Real-Time 3D Shaders on Game Boy Color: A Masterclass in Constraint-Driven Engineering

4 min read

How logarithms, self-modifying code, and 8-bit fractions enable the impossible


The Challenge

The Game Boy Color has no multiply instruction. No floating point. An 8 MHz processor (roughly 140,000 cycles per frame). And yet, a developer managed to render real-time 3D shaders with player-controlled lighting.

This is what engineering under extreme constraints looks like.

The Core Math

A Lambert shader—the simplest 3D lighting model—uses the dot product:

v = N · L

Where N is the normal vector and L is the light direction. Expanded component-wise:

v = Nx*Lx + Ny*Ly + Nz*Lz

Three multiplications, two additions. Trivial on modern hardware. Impossible as written on a Game Boy.

Solution #1: Spherical Coordinates

By converting to spherical coordinates, the dot product becomes:

v = sin(Nθ) * sin(Lθ) * cos(Nφ - Lφ) + cos(Nθ) * cos(Lθ)

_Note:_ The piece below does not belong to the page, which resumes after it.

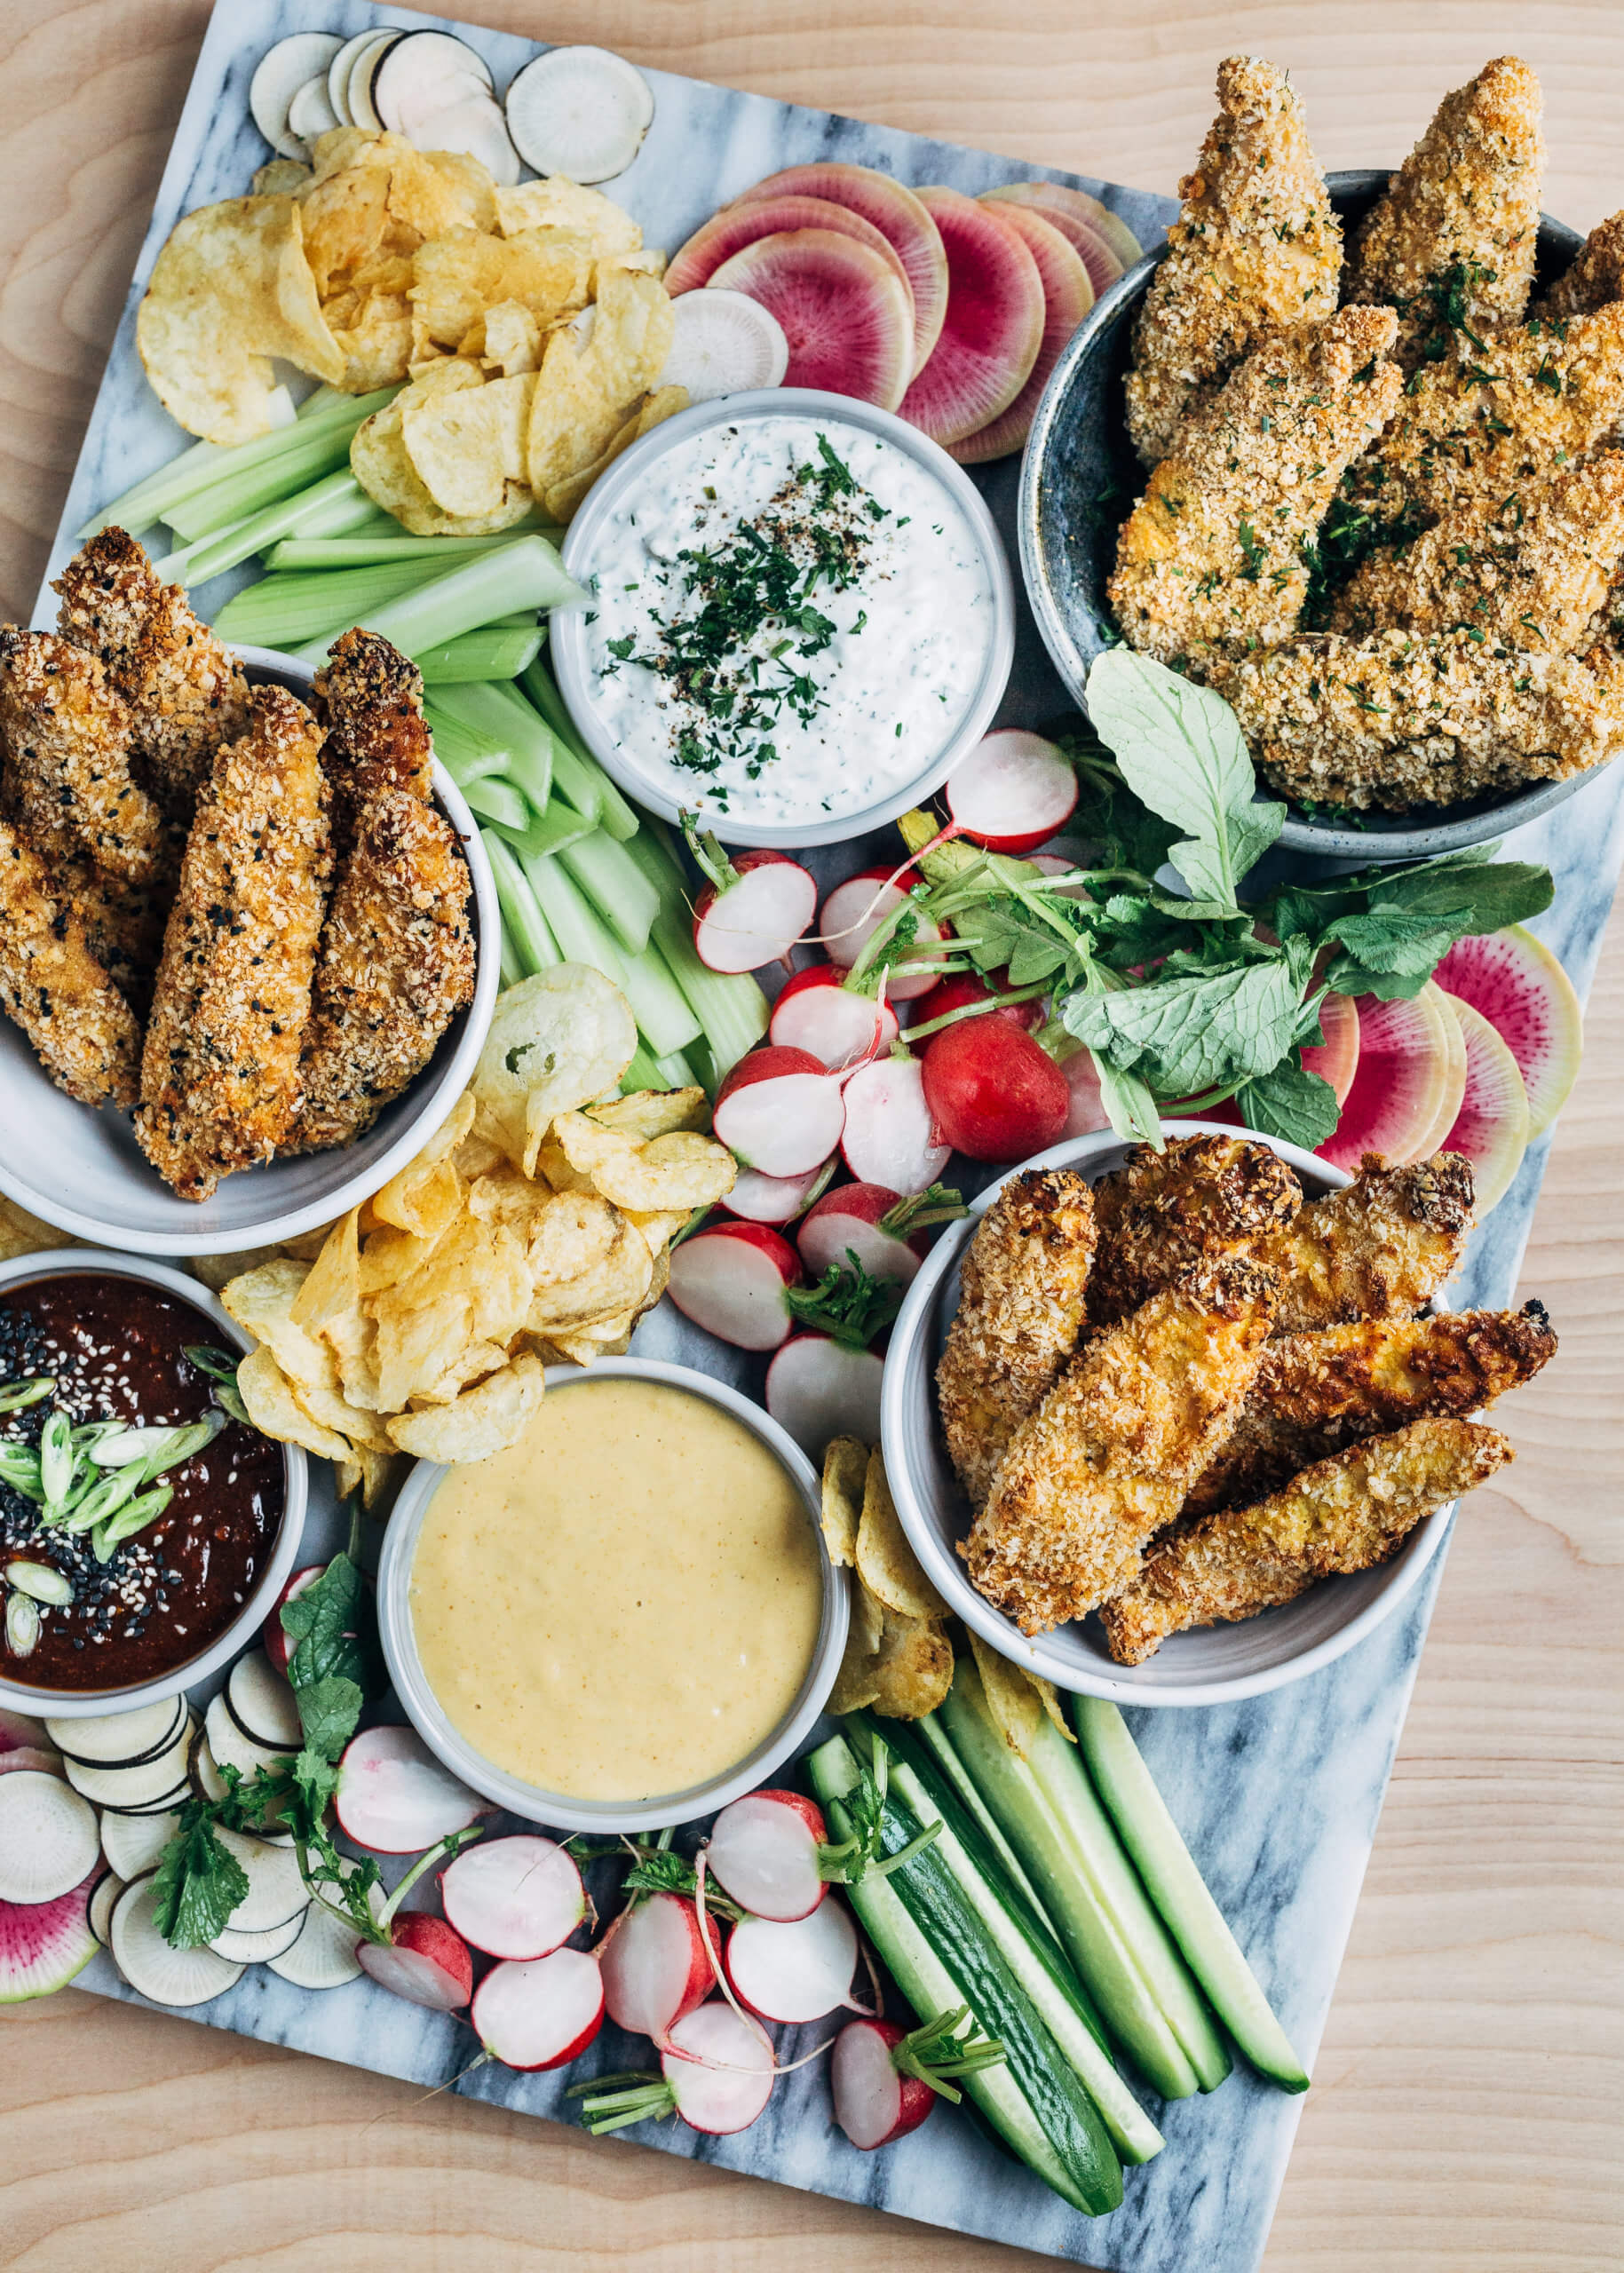 This vibrant chicken tenders board features juicy oven-baked chicken tenders in three delicious flavor profiles: garlic and herb with yogurt ranch, sesame-ginger with a sweet and sour dipping sauce, and classic honey mustard with a spicy sweet Dijon dipping sauce.

If we fix Lθ (the light’s vertical angle) as constant, we can extract coefficients m and b that don’t change per-pixel:

m = sin(Nθ) * sin(Lθ)  [constant]
b = cos(Nθ) * cos(Lθ)  [constant]
v = m * cos(Nφ - Lφ) + b

Now we only compute one multiplication per pixel. But we still have no multiply instruction.

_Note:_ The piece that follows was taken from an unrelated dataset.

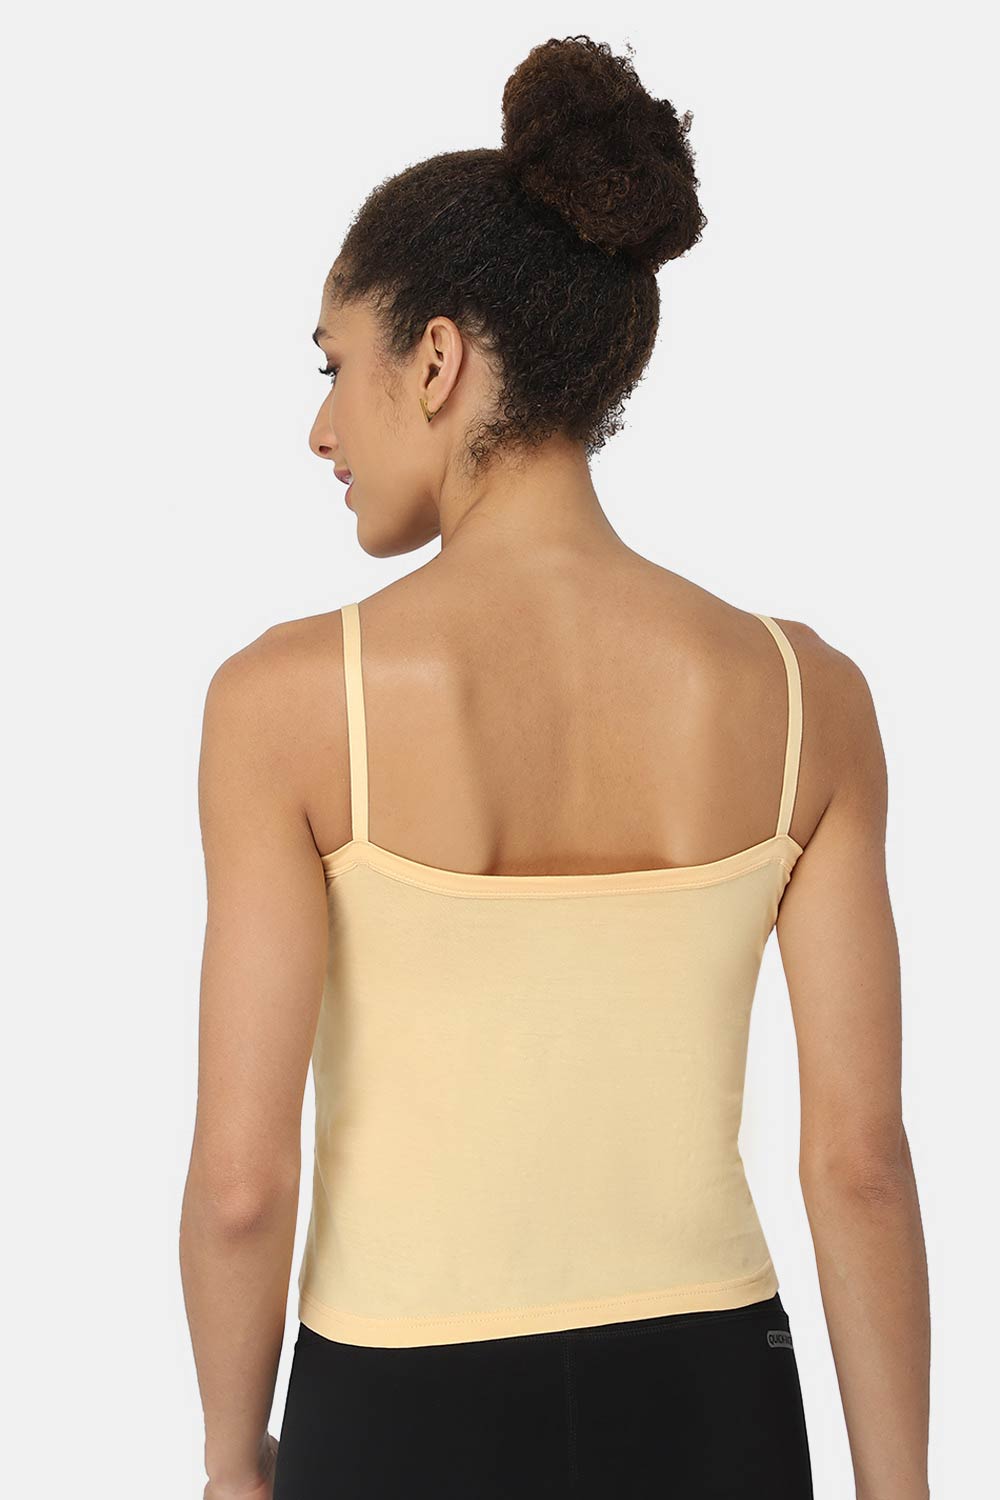 Intimacy Camisole-Slip Special Combo Pack - In05 - Pack of 3 - C52

Solution #2: Logarithmic Multiplication

Here’s the clever bit. Logarithms have this property:

log(x * y) = log(x) + log(y)
x * y = 2^(log(x) + log(y))

We can multiply by adding logarithms, then looking up the result in a power table. In pseudocode:

pow_table = [...]  # 256 entries
x = float_to_logspace(0.3)  # compile-time
y = float_to_logspace(0.5)  # compile-time
result = pow_table[x + y]   # runtime: just add + lookup

The Sign Bit Trick

You can’t take the log of a negative number. Solution: encode a sign bit in the MSB (bit 7). When adding two log-space values, the sign bit effectively XORs (toggles). The power table accounts for this and returns positive or negative results.

Solution #3: 8-Bit Fractions

All scalars are restricted to [-1.0, +1.0] and encoded in a single byte:

ByteLinear ValueLog Value
00/127 = 02^0 = 1
11/127 ≈ 0.00792^(-1/6) ≈ 0.89
127127/127 = 12^(-127/6) ≈ 0
128undefined-2^0 = -1
255-1/127 ≈ -0.0079-2^(-127/6) ≈ -0

Why 127 instead of 128? To represent both +1 and -1 in two’s complement.

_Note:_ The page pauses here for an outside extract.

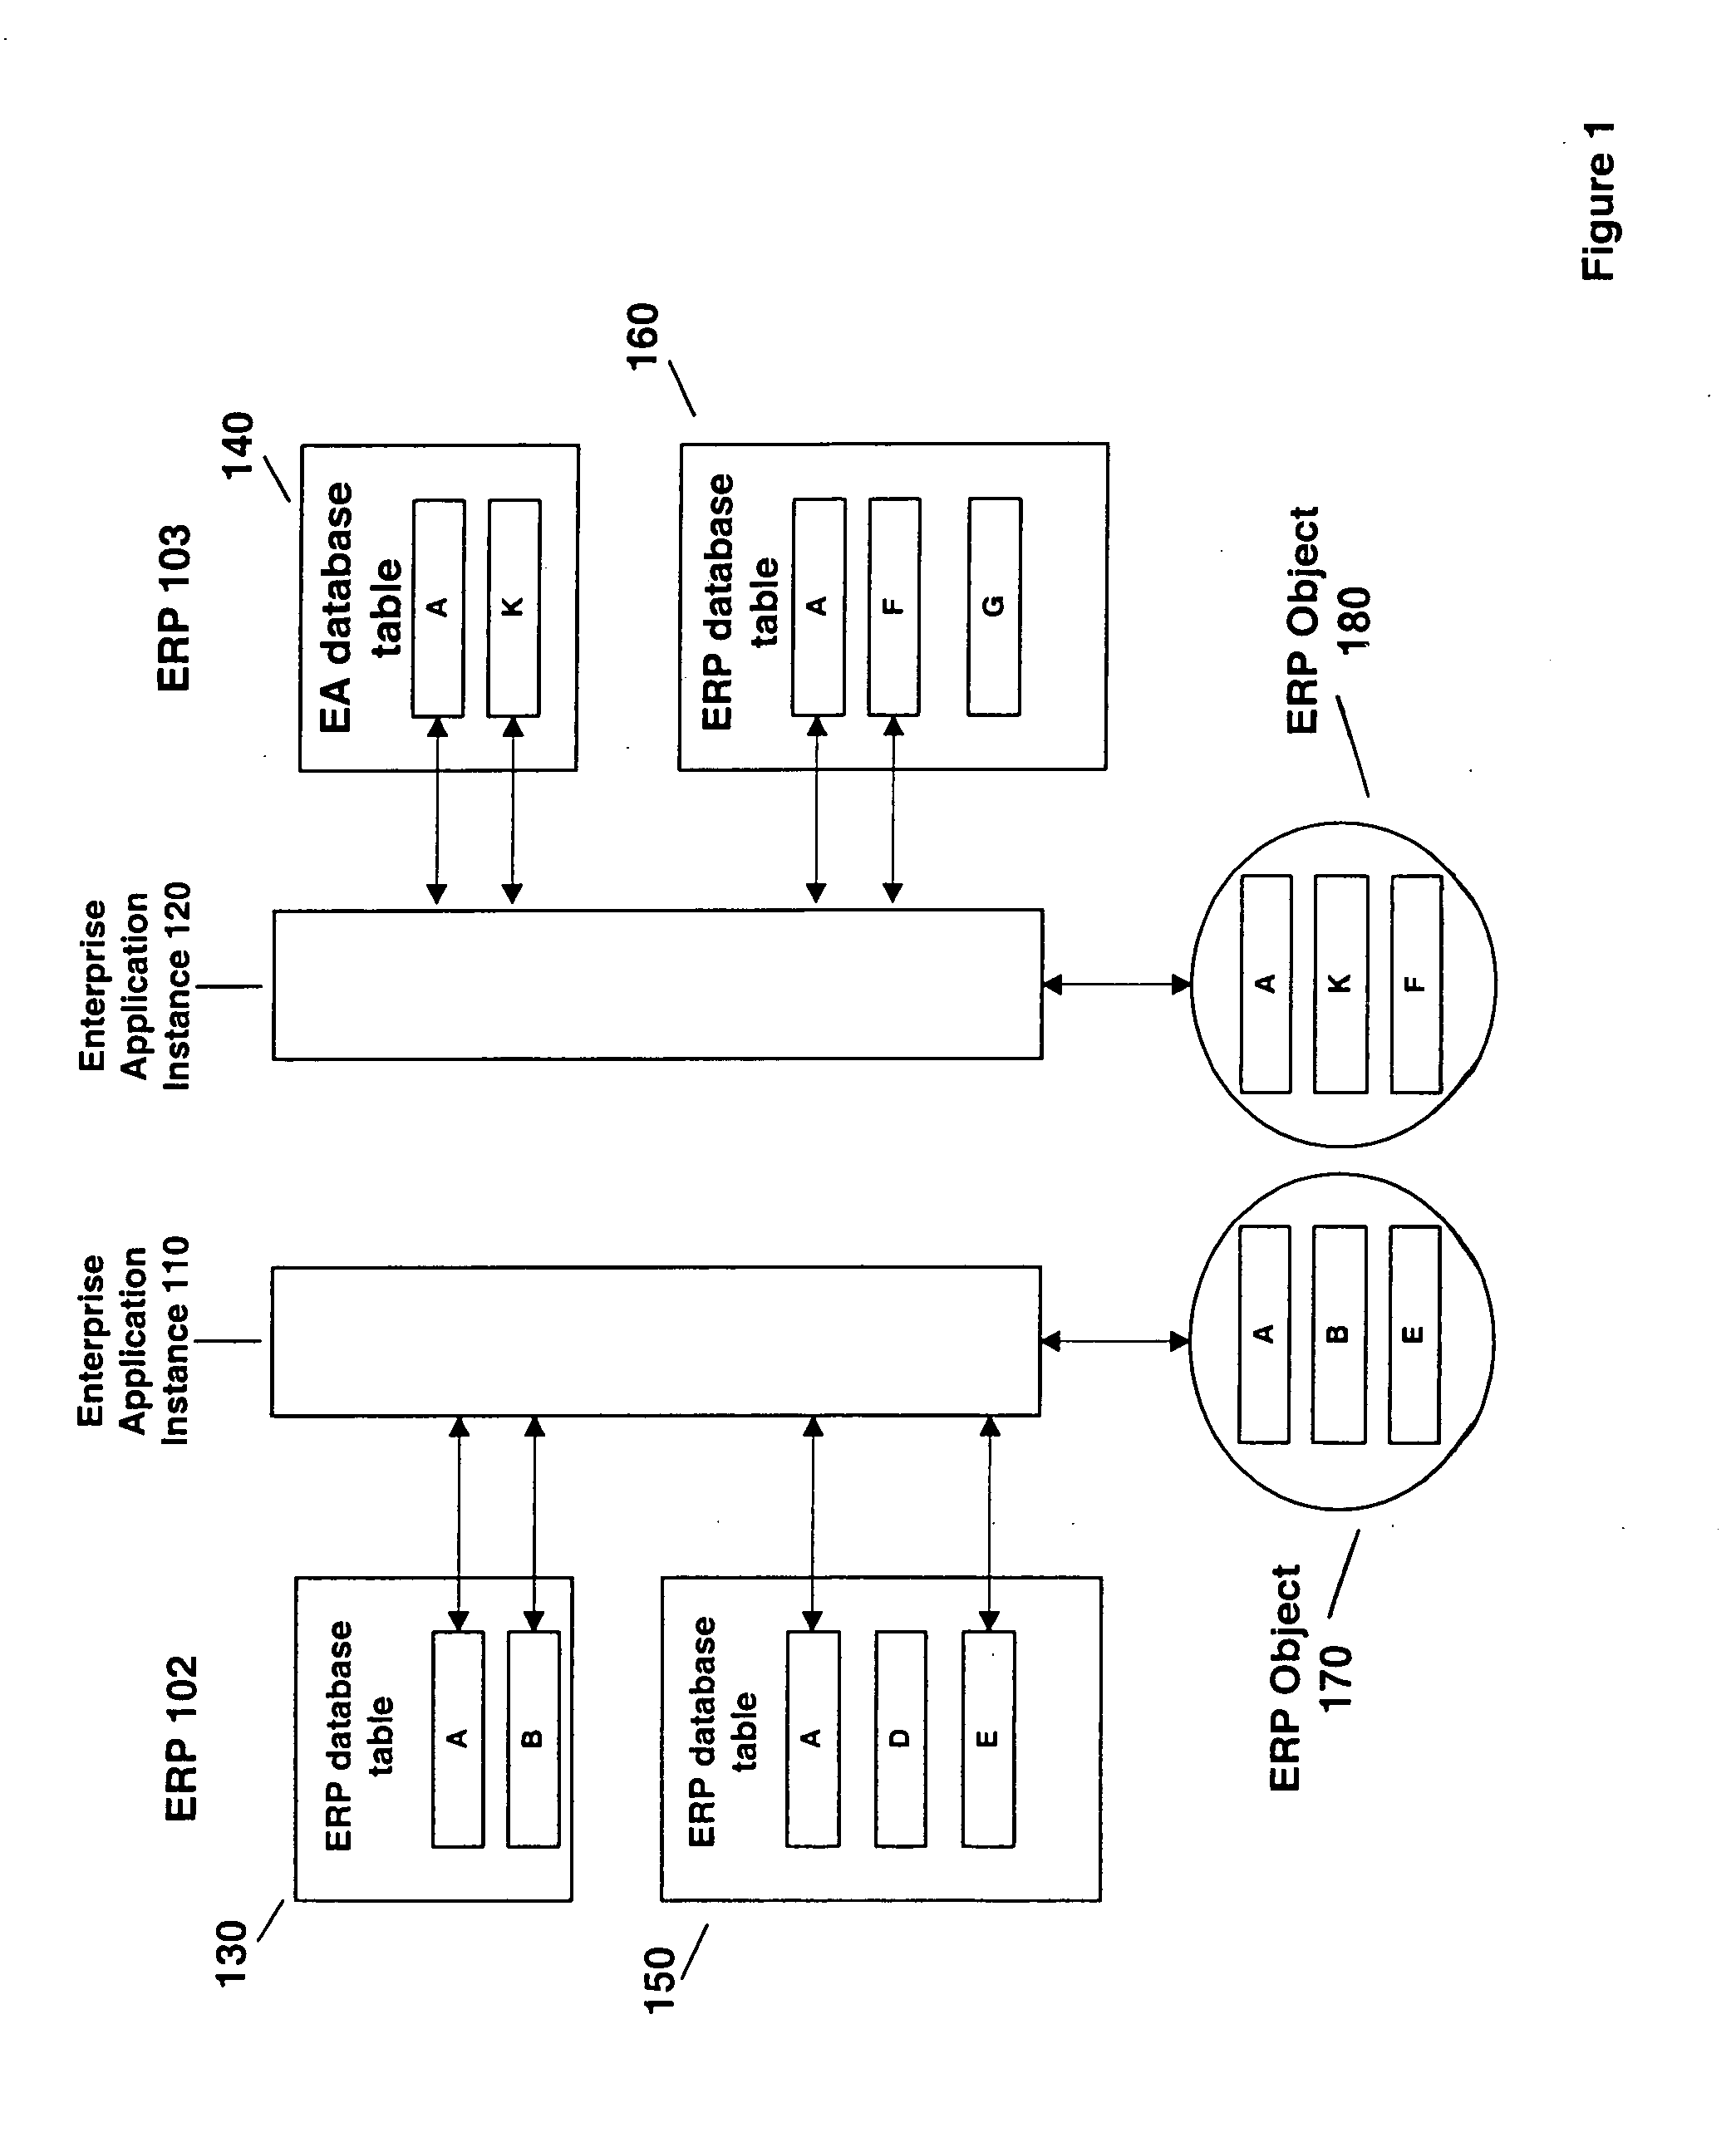 Method and system for providing multi-organization resource management

Why base 2^(1/6)? To ensure adding 3 log values won’t overflow: 42+42+42 = 126.

Solution #4: Combined Lookup Tables

Instead of separate cos and log lookups, create a combined cos_log table:

cos_log(x) = log(cos(x))

This lets us rewrite the shader as:

v = pow(m_log + cos_log(Nφ - Lφ)) + b

Per-pixel operations:
– 1 subtraction
– 1 lookup (cos_log)
– 1 addition
– 1 lookup (pow)
– 1 addition

Total: 3 add/sub, 2 lookups. About 130 cycles per pixel.

Solution #5: Self-Modifying Code

The final optimization: hard-coded immediate values are faster than memory loads.

; Slower: 28 cycles
ld a, [Ltheta]  ; 12 cycles
ld b, a         ; 4 cycles
ld a, [hl+]     ; 8 cycles
sub a, b        ; 4 cycles

; Faster: 16 cycles
ld a, [hl+]     ; 8 cycles
sub a, 8        ; 8 cycles

The difference: 12 cycles per pixel × 960 pixels = 11,520 cycles saved per frame (~10% of shader runtime).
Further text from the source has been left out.